=== Your assignment ===
From top to bottom, write out the listing exactly and skip every picture.

=== Recorded information ===
Segment Open

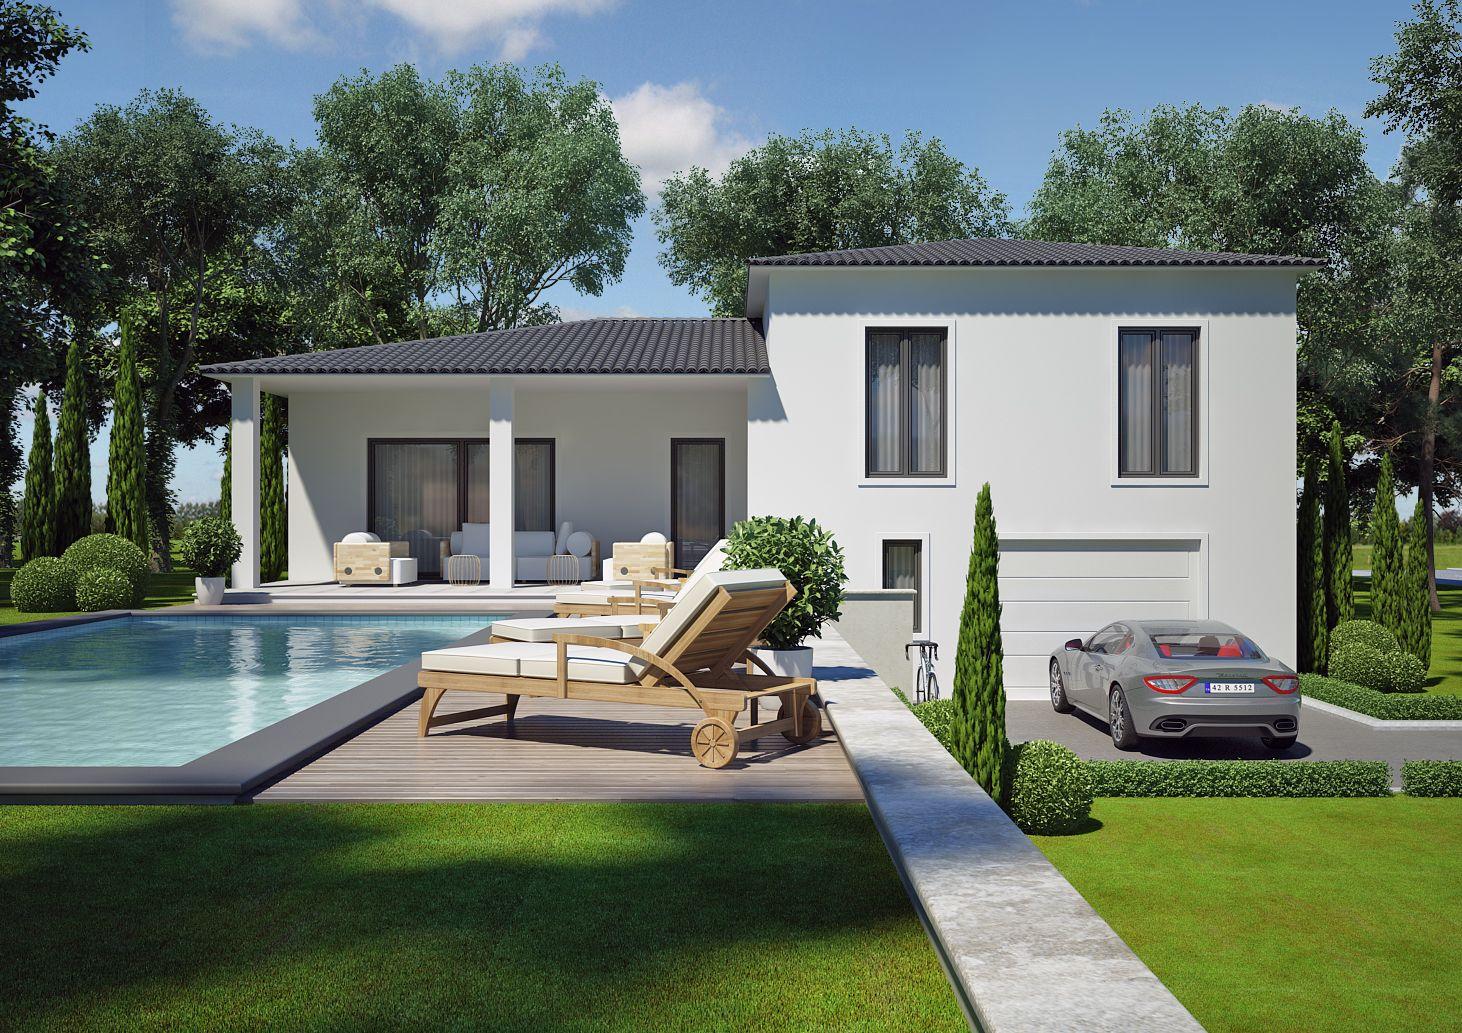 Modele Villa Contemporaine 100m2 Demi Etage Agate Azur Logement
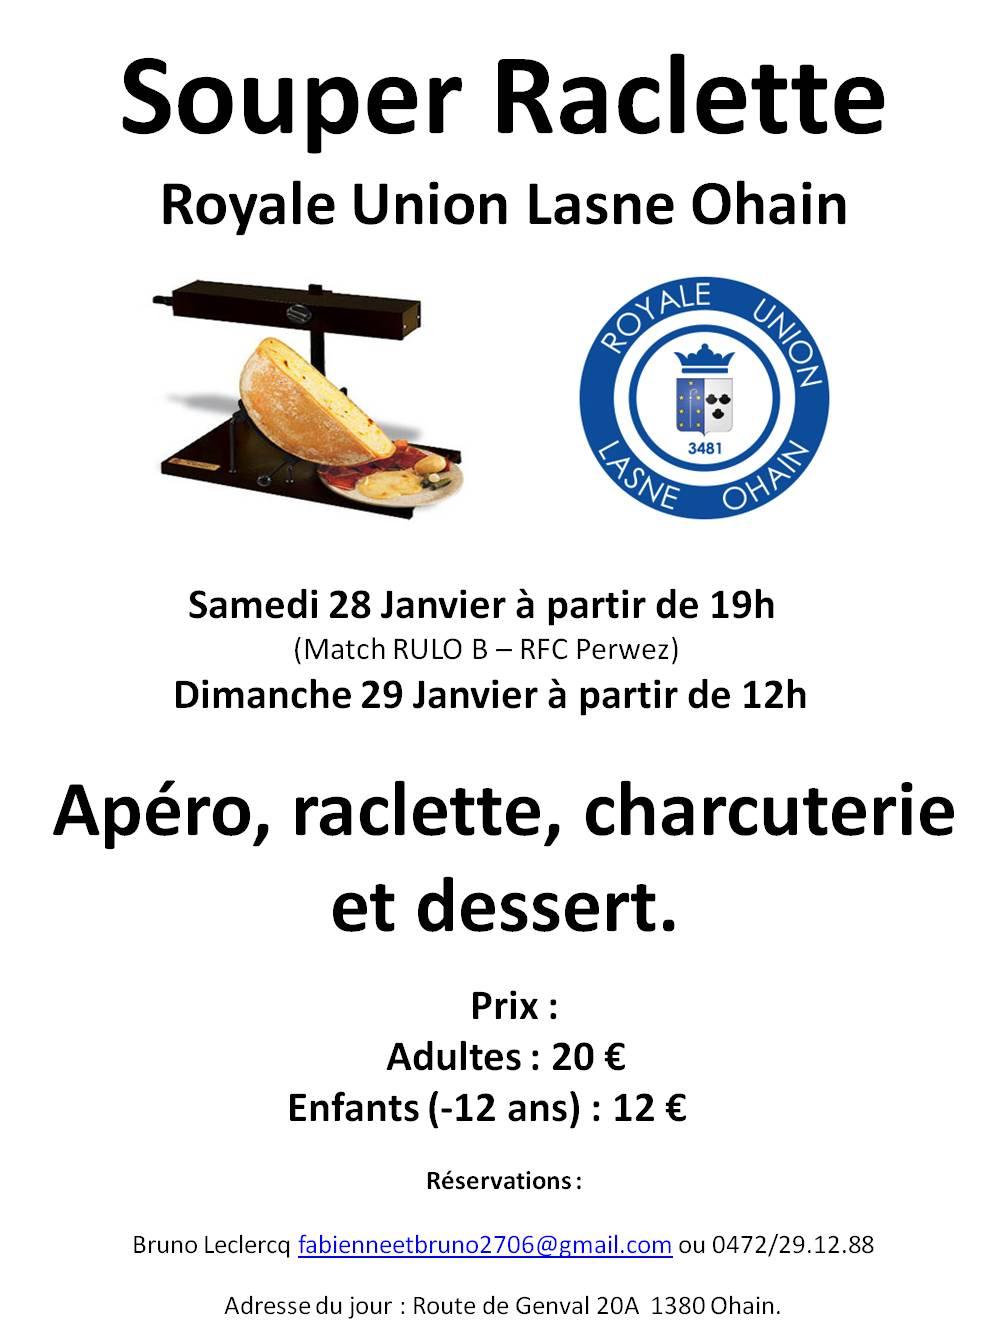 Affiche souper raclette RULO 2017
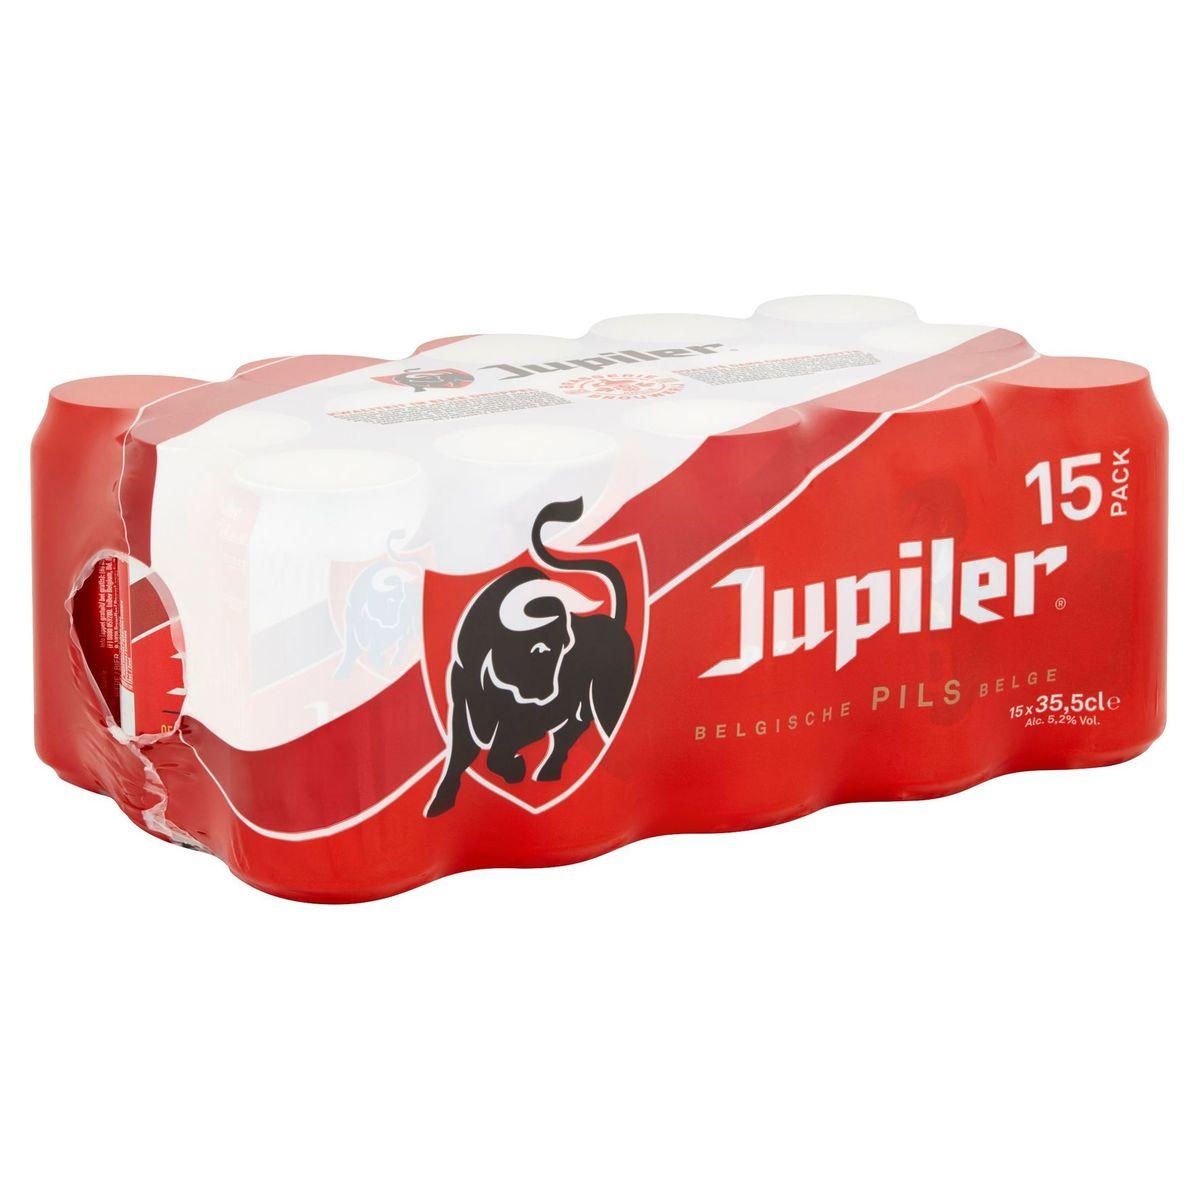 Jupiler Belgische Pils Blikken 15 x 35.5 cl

Segment Closed

=== Your response ===
 Modele Villa Contemporaine 100m2 Demi Etage Agate Azur Logement
 Affiche souper raclette RULO 2017
 Jupiler Belgische Pils Blikken 15 x 35.5 cl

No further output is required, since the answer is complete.